Kannada language film by Amoghavarsha JS

Gandhada Gudi is a 2022 Indian Kannada-language docudrama film directed by Amoghavarsha JS. It stars himself and Puneeth Rajkumar in lead roles. The film features the final appearance of actor Puneeth Rajkumar, and derives its title from the 1973 Kannada film of the same name, starring his father Dr. Rajkumar. The film released on 28 October 2022.

== Premise ==
Puneeth Rajkumar, who is also known to be an avid travel and adventure buff, decides to explore Karnataka's rich bio-diversity, for which he teams up with the award-winning wildlife filmmaker Amoghavarsha JS. Together, they embark on a journey across the length and breadth of the state, where they come across a visual spectacle of hidden gems.

== Cast ==
- Puneeth Rajkumar as himself
- Amoghavarsha JS as himself
- Ashwini Puneeth Rajkumar as herself

==Music==
The music of the film was composed by B. Ajaneesh Loknath.

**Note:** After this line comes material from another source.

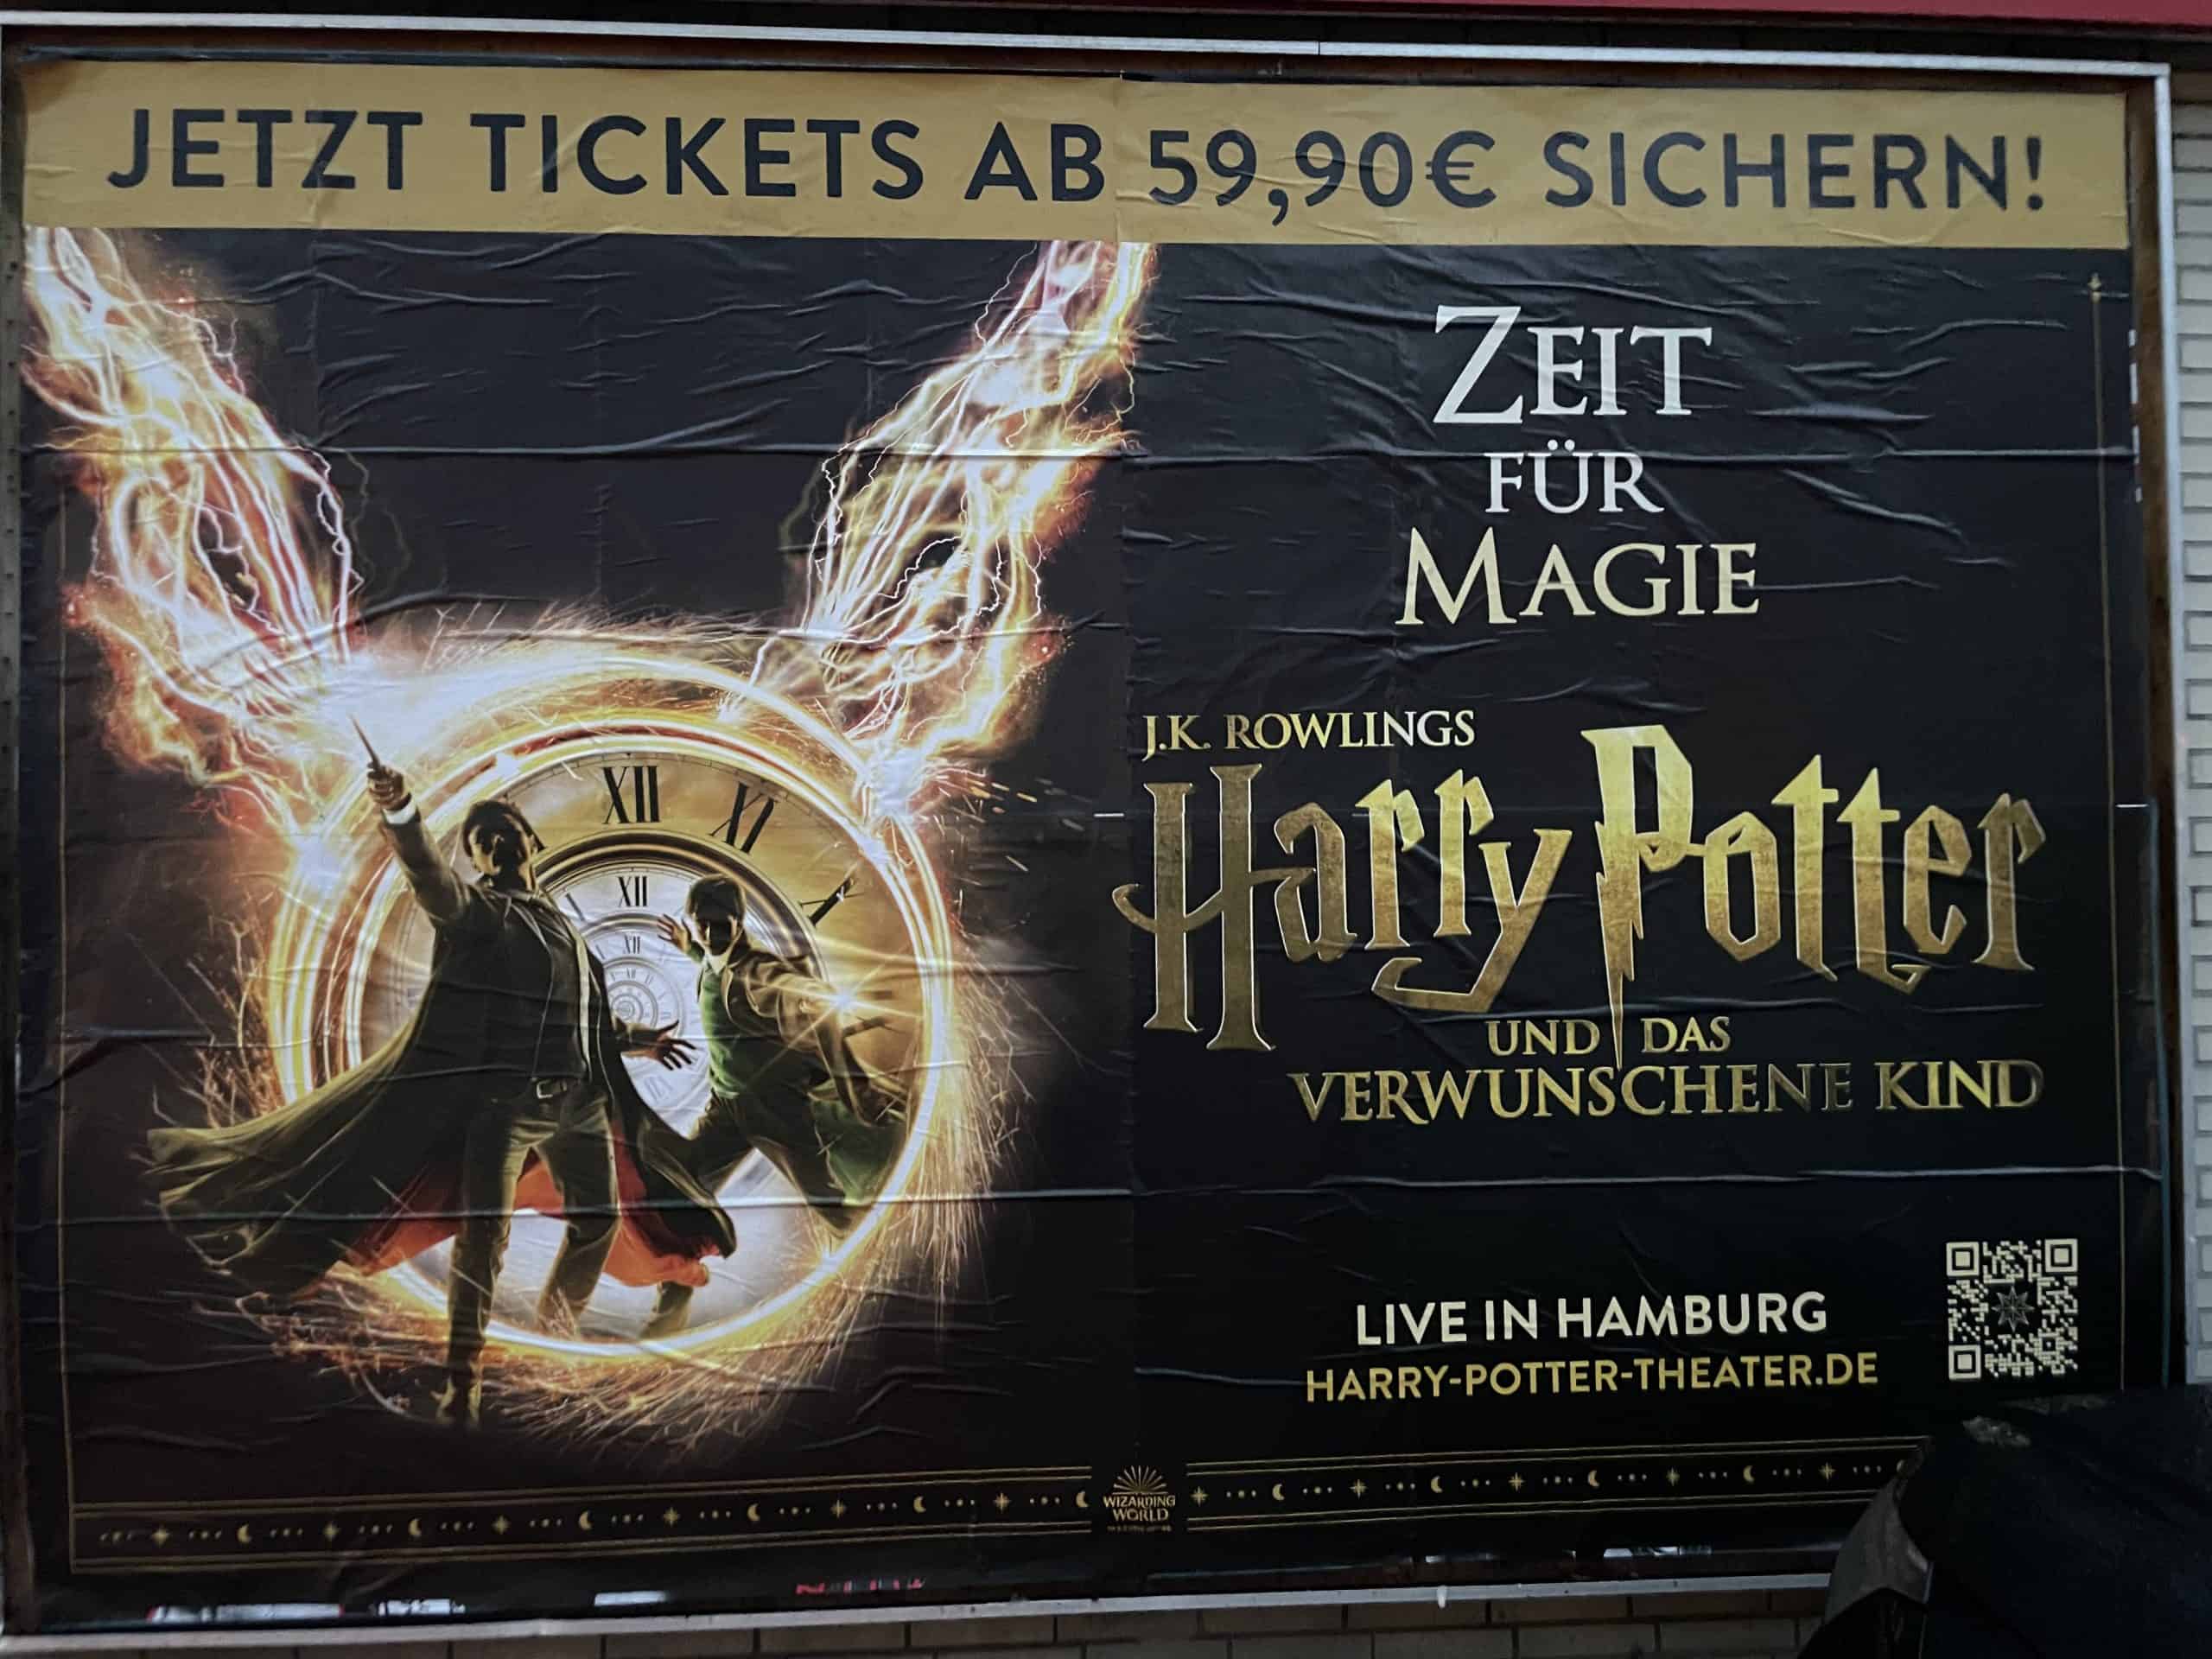 Plakatwerbung für das Harry Potter Theaterstück in Hamburg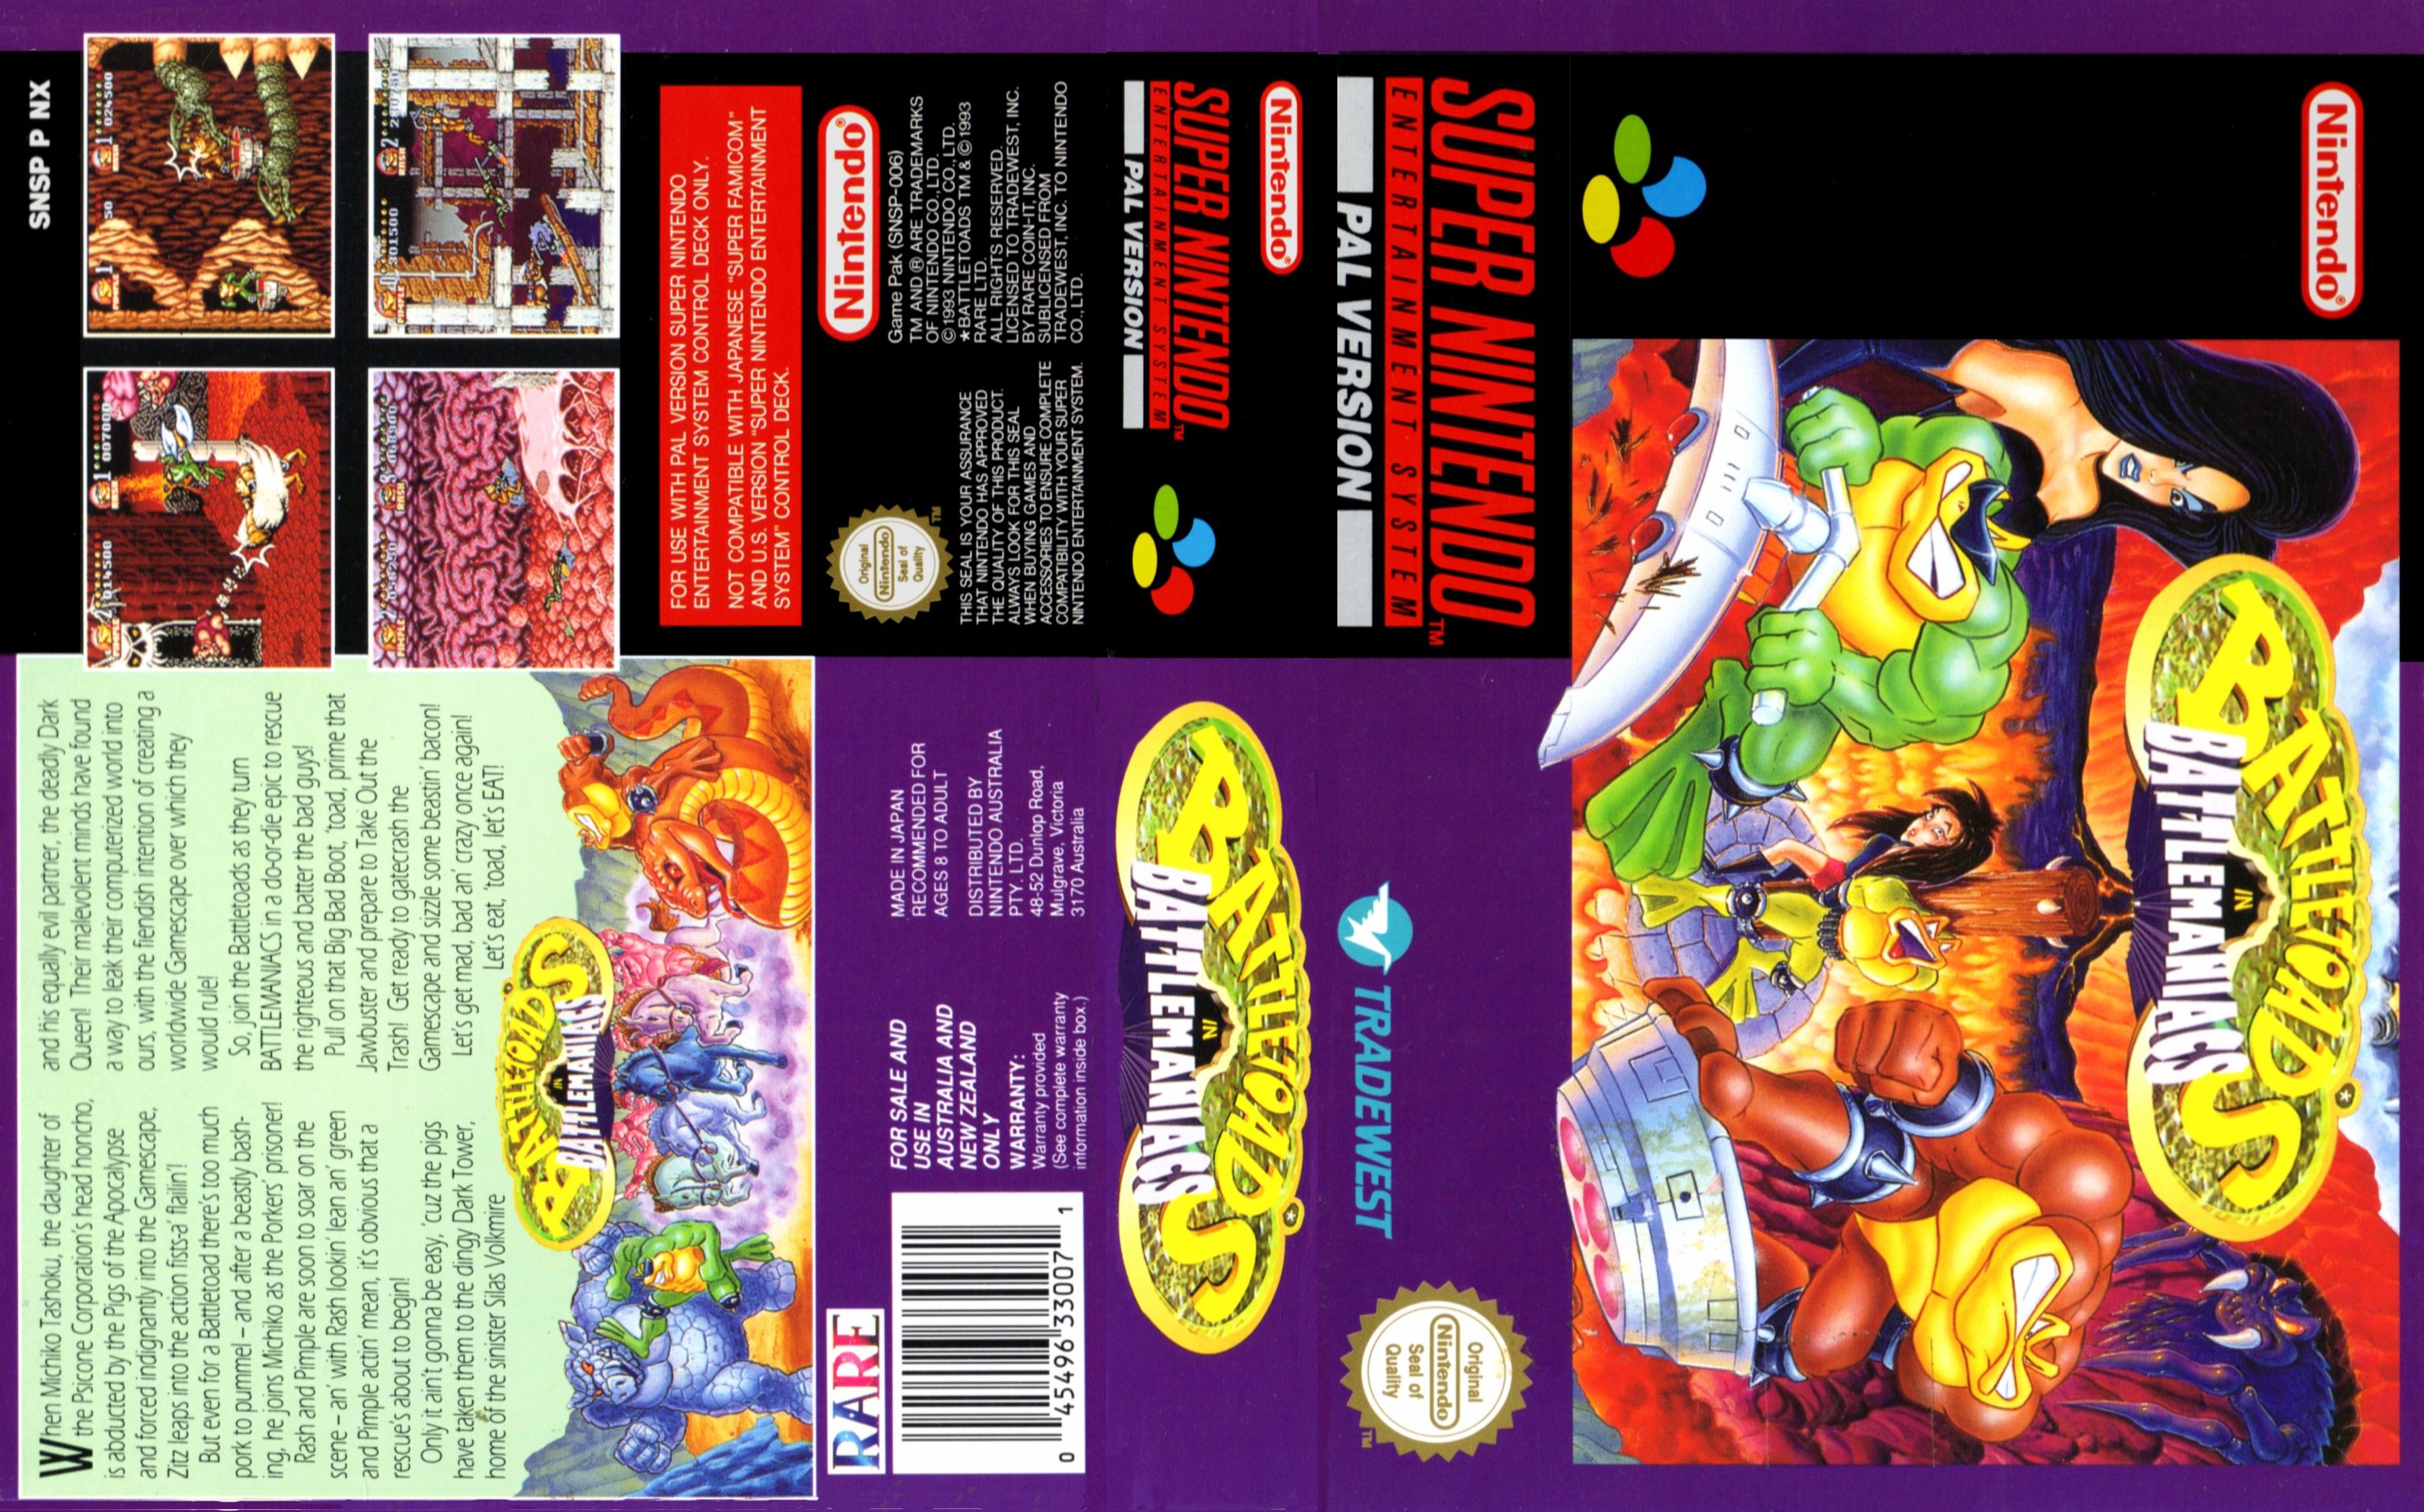 Battletoads snes. Battletoads in Battlemaniacs super Nintendo обложка. Battletoads in Battlemaniacs на super Nintendo Entertainment System. Battletoads Famicom. Battletoads обложка Famicom.

| No. | Title | Lyrics | Singer(s) | Length |
|---|---|---|---|---|
| 1. | "Gandhada Gudi (Reprise)" | Chi. Udayashankar | Vijay Prakash | 3:35 |
| 2. | "Kaavalugaara" | Amoghavarsha, Kiran Kaverappa | Sanjith Hegde | 3:24 |
| 3. | "Alemaari Jothi" | Kiran Kaverappa | Naveen Sajju | 1:49 |
| 4. | "Aleya Kare (Male)" | Amoghavarsha, Kiran Kaverappa | B. Ajaneesh Loknath | 3:17 |
| 5. | "Aleya Kare (Female)" | Amoghavarsha, Kiran Kaverappa | C. R. Bobby | 4:48 |
| Total length: |  |  |  | 16:53 |

== Release ==
The film released on 28 October 2022. The first weekend collection was reported to have crossed that of Kantara for the same period.

Reception

A critic from The News Minute wrote that "For the fans of the late actor, the film is the perfect farewell because they get to experience and soak up Puneeth's unembellished, innocent charm as he sheds his Powerstar image without any qualms". A critic from Bangalore Mirror wrote that "Gandhada Gudi is worth a watch for those who want to know about the important places of Karnataka. This film will actually take you there".

Home Media

The digital rights of the film were secured by Amazon Prime Video, and was digitally streamed from 17 March 2023 on the occasion of birth anniversary of Puneeth Rajkumar. The movie satellite rights was acquired by Zee Kannada and premiered on 29 October 2023.